Early dementia diagnosis: blood proteins reveal at-risk people

VIA SBINSIDER AND NATURE MAGAZINE|March 2024

An analysis of around 1,500 blood proteins has identified biomarkers that can be used to predict the risk of developing dementia up to 15 years before diagnosis.

The findings, reported today in Nature Aging1, are a step towards a tool that scientists have been in search of for decades: blood tests that can detect Alzheimer’s disease and other forms of dementia at a very early, pre-symptomatic stage.

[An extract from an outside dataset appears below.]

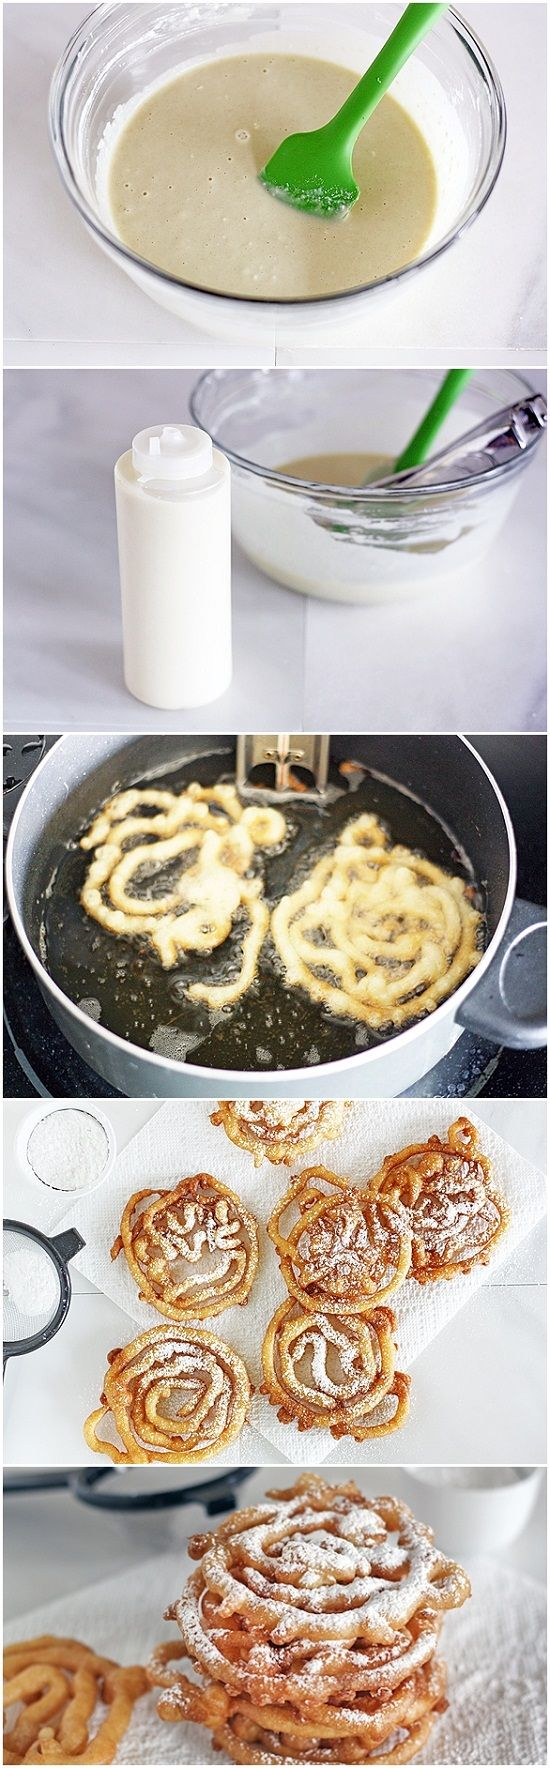 DIY Mini Funnel Cakes @deb rouse schwedhelm rouse schwedhelm rouse schwedhelm rouse schwedhelm Larson

Researchers screened blood samples from more than 50,000 healthy adults in the UK Biobank, 1,417 of whom developed dementia in a 14-year period.

They found that high blood levels of four proteins — GFAP, NEFL, GDF15 and LTBP2 — were strongly associated with dementia.

“Studies such as this are required if we are to intervene with disease-modifying therapies at the very earliest stage of dementia,” said Amanda Heslegrave, a neuroscientist at University College London, in a statement to the Science Media Centre in London.

Late diagnosis

According to the World Health Organization, more than 55 million people worldwide currently live with dementia.

People are often diagnosed only when they notice memory problems or other symptoms. At that point, the disease might have been progressing for years. “Once we diagnose it, it’s almost too late,” says study co-author Jian-Feng Feng, a computational biologist at Fudan University in Shanghai, China. “And it’s impossible to reverse it.”

Presidential Brain Problems

Ronald Regan was diagnosed with Alzheimer’s post-presidency after retiring from office at 77 years old. President Biden had a serious 4.5 hour brain surgery for aneurysms.  As the nation heads towards a Presidential election with the two oldest candidates ever, voters should demand the test described above be taken and the results made public.